Aku pernah membenci gelap malam dengan alasan terlalu menakutkan dan sangat mengganggu. Sekarang aku sedang menunggu gelap malam datang terasa sangat lama juga membosankan. Mungkin ini salah satu alasanku membenci gelap malam karena sangat menyakitkan hati. Menunggu dan terus menunggu bukanlah kehebatanku tapi apalah dayaku ini.

Entah apa mauku yang saat ini tengah menunggu gelapnya malam. Telah lama aku tak bertemu karena ia begitu menakutkan untukku. Mencoba berdamai kembali dengan gelapnya malam ternyata bukanlah hal yang mudah dan tetap harus kulakukan kalau tidak bagaimana aku berproses menjadi dewasa?.

Hei malam apa yang kau fikirkan tentangku setelah tahu bahwa diriku ini sangat membencimu. Apa dia juga membenciku karena selama ini kuacuhkan dan selalu cepat tertidur agar tak bertemu dengannya. Selama ini aku selalu menghindar dari gelapnya malam walau pun dia selalu ada disampingku.

Ia selalu sabar tetap tersenyum padaku dari kejauhan namun tetap kuabaikan karena ketakutanku terlalu mendalam untuknya.

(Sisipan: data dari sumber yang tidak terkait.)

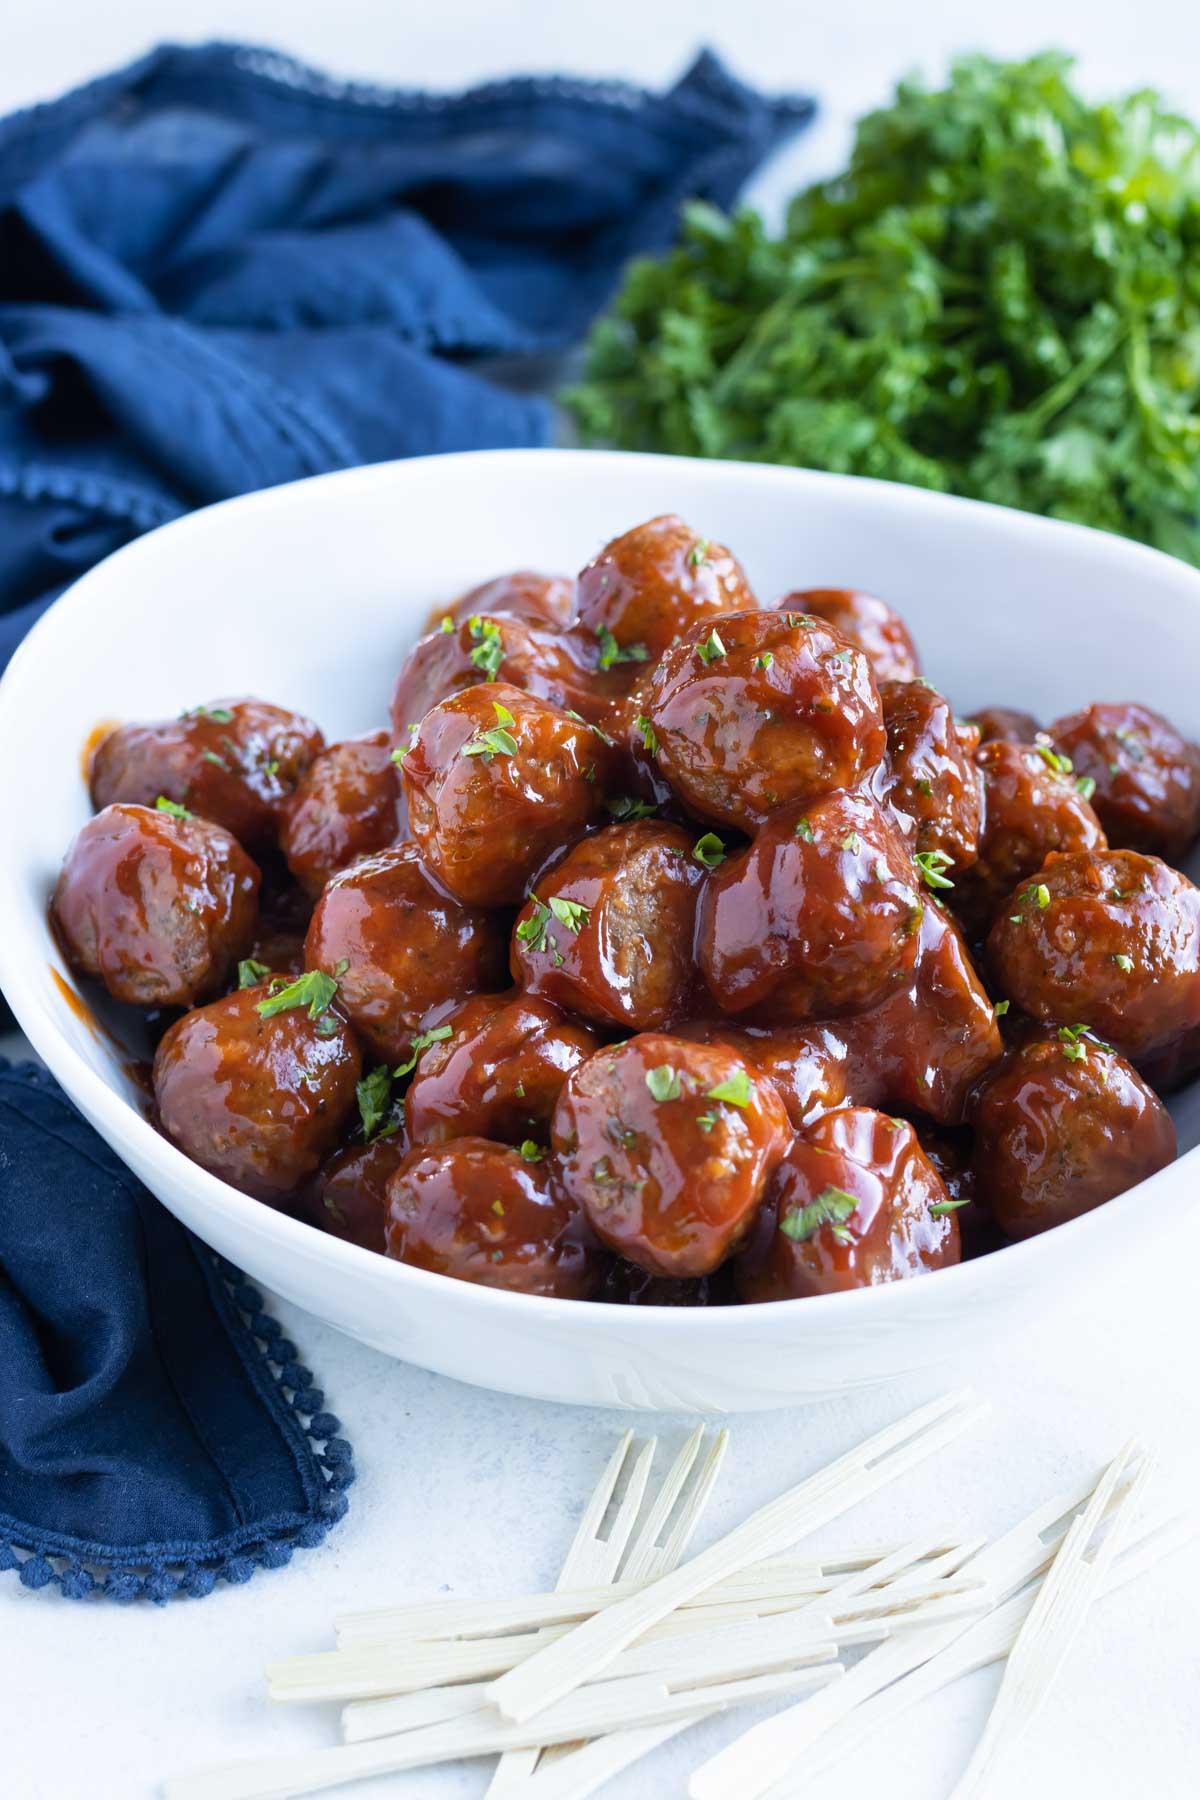 Meatballs are served in a white bowl for an appetizer.

Kini aku merasa buruk karena telah membenci gelap malam yang selalu tetap tersenyum walau diabaikan. Aku mencoba berdamai dan menghampirinya dengan segenap hati menghancurkan rasa ketakutanku padanya.

Jujur saja takutku pada gelapnya malam tanpa sebab yang jelas bahkan aku saja tidak mengerti padahal ia selalu tersenyum padaku. Ia selalu memperhatikan bahkan melindungiku dari jauh sebisa mungkin. Dengan angkuhnya aku selalu mengacuhkan kehadirannya dan mendiamkan senyuman hangat yang ia berikan padaku.

Entah kenapa kini aku tak melihat lagi senyuman dari gelap malam karena selalu tertutup awan mendung bahkan ia terlihat menangis. Tangisannya membuatku sedikit merindukan senyuman hangat yang selalu ia berikan untukku. Dengan sabar ia melindungi tanpa ku hiraukan sedikit pun. Mungkin sebenarnya aku terlalu nyaman karena perlindungannya yang begitu hebat ia berikan untukku.
Sakitnya kini telah kurasakan dengan dingin menusuk tulang yang ia berikan saat ini. Gambaran sakit yang dirasakannya terlihat jelas dari hujan deras disetiap kali ia datang. Kini aku menunggu kehadirannya untuk meminta maaf karena selalu mengabaikannya namun terlihat jelas sakit yang ia rasakan karenaku tak bisa lagi dibendung.

Semakin derasnya hujan terlihat begitu jelas sakit yang ia rasakan. Walau pun tangisannya sudah berhenti tetap rasa dinginnya masih ada dan akan selalu terasa. Sebenarnya aku ingin mengatakan sesuatu pada gelapnya malam. Selama ini aku sedang mencari jawaban atas pertanyaan kenapa begitu membencinya.

Gelapnya malam terlalu menakutkan untukku sampai tak ingin menemuinya lagi. Ia begitu mempesona saat hadir sehingga membuatku takut terlalu jatuh hati pada indahnya. Ia bukan ditakdirkan untukku miliki jadi aku sangat takut akan kehilangannya. Membencinya karena tak bisa kumiliki sepenuhnya adalah alasan utama untuk menghindar darinya Tanpaku sadari dengan menghindar justru membuatku lebih memikirkannya. Yang bisa kulakukan saat ini adalah menunggunya datang meskipun tanpa senyuman hangat yang dulu pernah ia berikan padaku.
Terimakasihku ucapkan untuk kehangatan yang pernah kau berikan padaku dan saat ini aku merindukanmu malam.